Néanmoins, certains auteurs, tels que Jean Hillier et al. (2004) attirent l'attention au fait que les outils traditionnels d'analyse économique restent insuffisants pour intégrer les aspects de différentes formes de capitaux ‒ économique, social et humain64 ‒ à l'innovation. Révéler ces diverses formes de capitaux permettrait que plus d'attention soit accordée aux dynamiques non marchandes du développement territorial ‒ celles non concurrentielles et non soumises à une logique unilatérale du rendement immédiat (Hillier et al., 2004, p. 141).
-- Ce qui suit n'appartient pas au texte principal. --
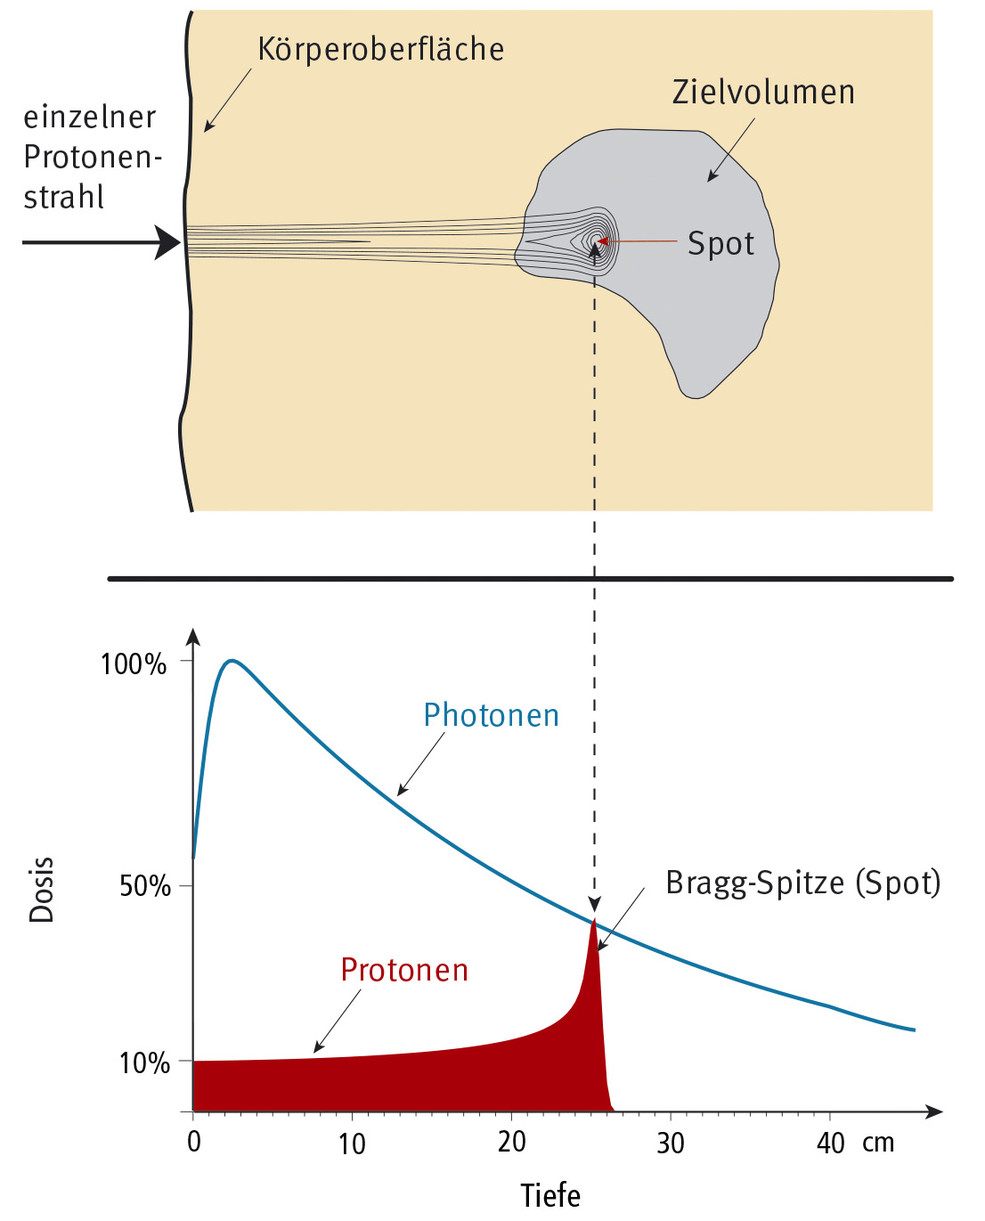 Dose de rayonnement d'un faisceau de protons de la taille d'un crayon le long de la profondeur de pénétration dans le corps. La portée de ces protons est de 25 centimètres. En haut, la répartition de la dose sous forme de courbes de niveaux. En bas, les valeurs de la dose en fonction de la profondeur, comparées avec l’évolution d’une dose de photons.

Les auteurs affirment, par ailleurs, que la littérature sur l'innovation territoriale est marquée par deux insuffisances principales (Hillier et al., 2004, p. 137-138). D'un côté, une prédominance de la vision technologiste du développement qui ne rend pas compte des autres dimensions de l'innovation. D'un autre côté, une importance accordée aux comportements et mécanismes marchands et concurrentiels, et un mépris d'autres processus sociaux fondamentaux pour le développement qui font intervenir d'autres formes d'innovation. Cette critique est d'ailleurs renforcée par l'influence de la sociologie sur l'innovation.

64 Le capital social est ensemble de relations plus ou normées qui forment des ressources pour les individus. Le

capital humain se réfère à l'ensemble des savoirs et savoir-faire intégrés par les individus (Hillier et al., 2004, p. 140).

97 La sociologie apporte un complément sur la lecture économique et entrepreneuriale de l'innovation et le rapport aux biens de consommation et aux organisations. En effet, les aspects sociaux de l'innovation sont essentiels et "le social ne peut pas être contourné pour comprendre le processus innovant", affirme Jean Corneloup (2009, p. 118). Comme nous l'avons mentionné auparavant, l'innovation n'a lieu que si un changement social est vérifié et assimilé. Ainsi, il n'est pas possible de limiter la réflexion sur le rapport entre innovation et développement à la contribution technologique et organisationnelle sur l'efficacité marchande des entreprises.

Bien qu'essentielles, les relations marchandes et l'efficacité concurrentielle ne forment qu'un aspect du développement territorial et régional. On ne peut pas négliger, par ailleurs, que l'accroissement des relations marchandes laisse une partie des populations en quelque sorte hors du champ de l'économie et du développement, créant une polarisation sociale (Hillier et al., 2004). Or, le développement est indissociable de l'augmentation générale du bien-être, de la qualité de vie et du sentiment de justice, comme nous l'avons souligné dans le premier chapitre. L'absence de cette condition peut être une entrave au développement.

Si les relations marchandes participent à la dynamique de développement mais ne la résument pas, il est donc nécessaire d'élargir le lien entre innovation et développement en parlant non seulement d'une analyse par le marché, qui implique une offre (innovation dans la production) et une demande (consommation de produits innovants), mais aussi par les besoins et la satisfaction de ceux-ci (chapitre 1).

Dans cette perspective, le processus innovant ne peut pas se concentrer exclusivement sur les innovations technologiques ; il doit porter sur un ensemble d'actions ‒ sociales, culturelles, politiques, économiques et patrimoniales (Corneloup, 2009, p. 124). Il convient alors d'adopter une vision de l'innovation qui intègre les besoins non pris en compte par le marché concurrentiel.

Il est important de noter que l'innovation dans les relations sociales n'exclut pas l'existence de relations marchandes mais vise à les réguler dans l'objectif non seulement de développement du capital marchand mais aussi de satisfaction des besoins (Hillier et al., 2004, p. 142). C'est cette capacité à satisfaire les besoins, en mettant en relation plusieurs facteurs du bien-être, qui construit l'analyse de l'innovation sociale.